通貨スワップは覇権(ヘゲモニー)の問題として捉えることが必要
 もちろん通貨スワップは非常時のための措置であり、韓国企業の業績が好調な今は、大きな影響を及ぼすものではない。だがもし日本が韓国への対抗措置として通貨スワップを中断した場合には、韓国経済の潜在的なリスクは増大することになり、ボディーブローのように韓国の金融システムに影響を与えることになるだろう。
 さらに欧州危機が深刻化し、韓国企業の業績が急激に悪化するようなことがあれば、まさに韓国経済の生殺与奪の権限を日本が握ることになる。

 このように通貨スワップ中断の影響は、短期的な視点ではそれほどではないが、長期的、潜在的には大きなインパクトをもたらす可能性がある。
 日本人はあまり意識していないかもしれないが、近隣国の金融システムを安定させるための資金を提供するということは、国際社会において覇権国の振る舞いとしてみなされる。
 日本にとっては交渉カードとして非常に有効である反面、使い方を誤ると大変危険な事態を引き起こす可能性もあるのだ。
 今回の竹島騒動とそれに伴う通貨スワップ見直しの件は、日本と韓国の領土問題や経済協力問題としてだけとらえるべきものではない。東アジアの地政学的な状況が激変する中、日本が自らをどのような国家に位置づけるのかが試されているのである。自らの資金を運用する投資家にとってもそれは同様である。

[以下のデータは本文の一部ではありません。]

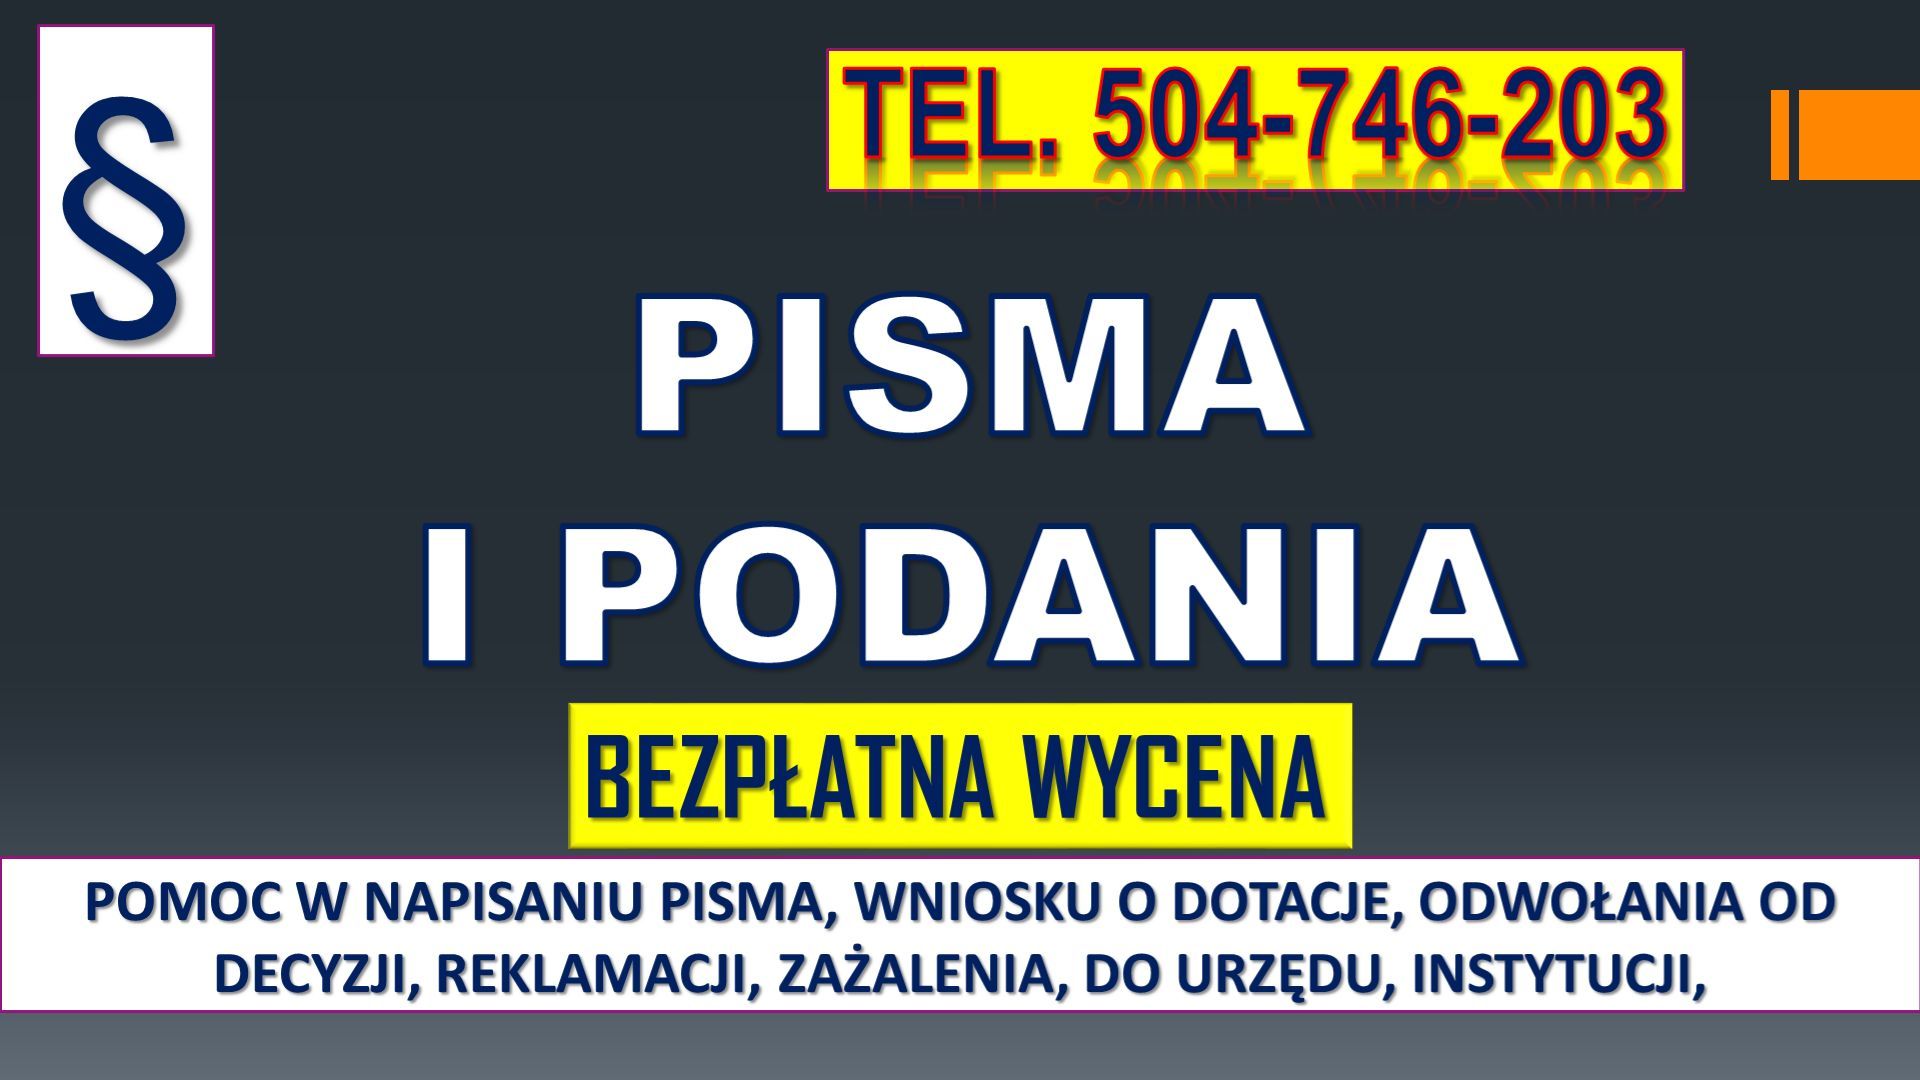 Napisanie pisma i podania, cena t. 504-746-203 Biuro pisania podań, sporządzenie Warszawa - Zdjęcie 1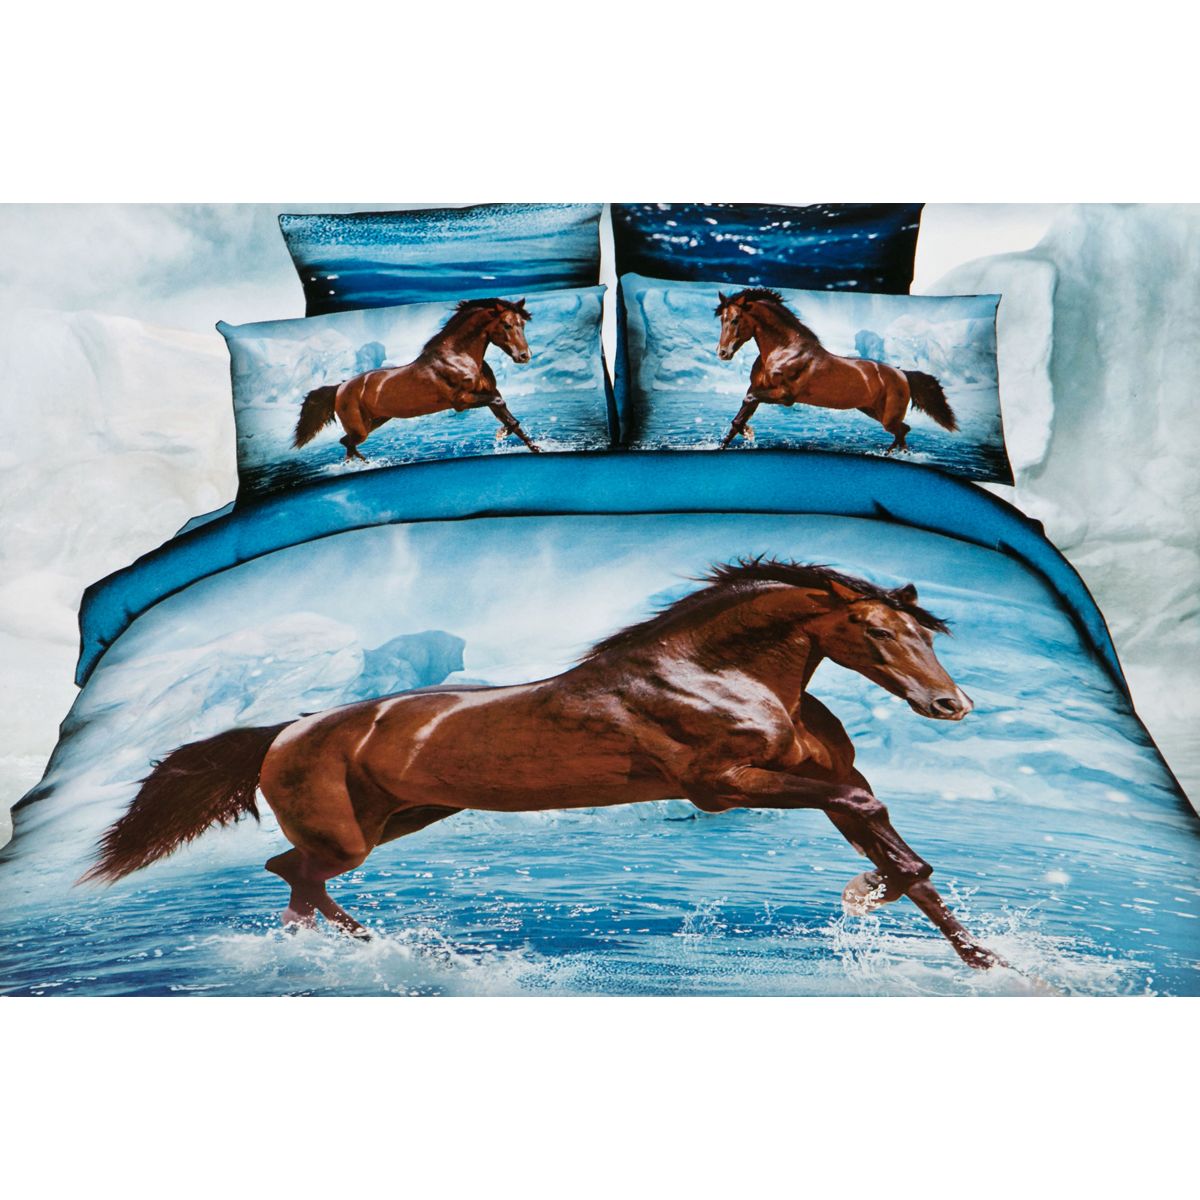 Комплект постельного белья Horse&Blue, Евро, 200х220 см, 215х240 см, Хлопок, Gree Textile, Китай

注)日本は、外貨準備の原資が借り入れではなく、自ら貯蓄した貿易黒字であり、外貨準備の大部分を安全資産である米国債で運用している。しかも日本は民間部門の対外資産が手厚く、対外資産に占める外貨準備の割合はわずか17%に過ぎない。日本と韓国では経済の冗長性が根本的に異なっている。日本経済がこれほど弱くなっても金融危機を起こさないのは、手厚い自己資本による資金の融通が可能だからである。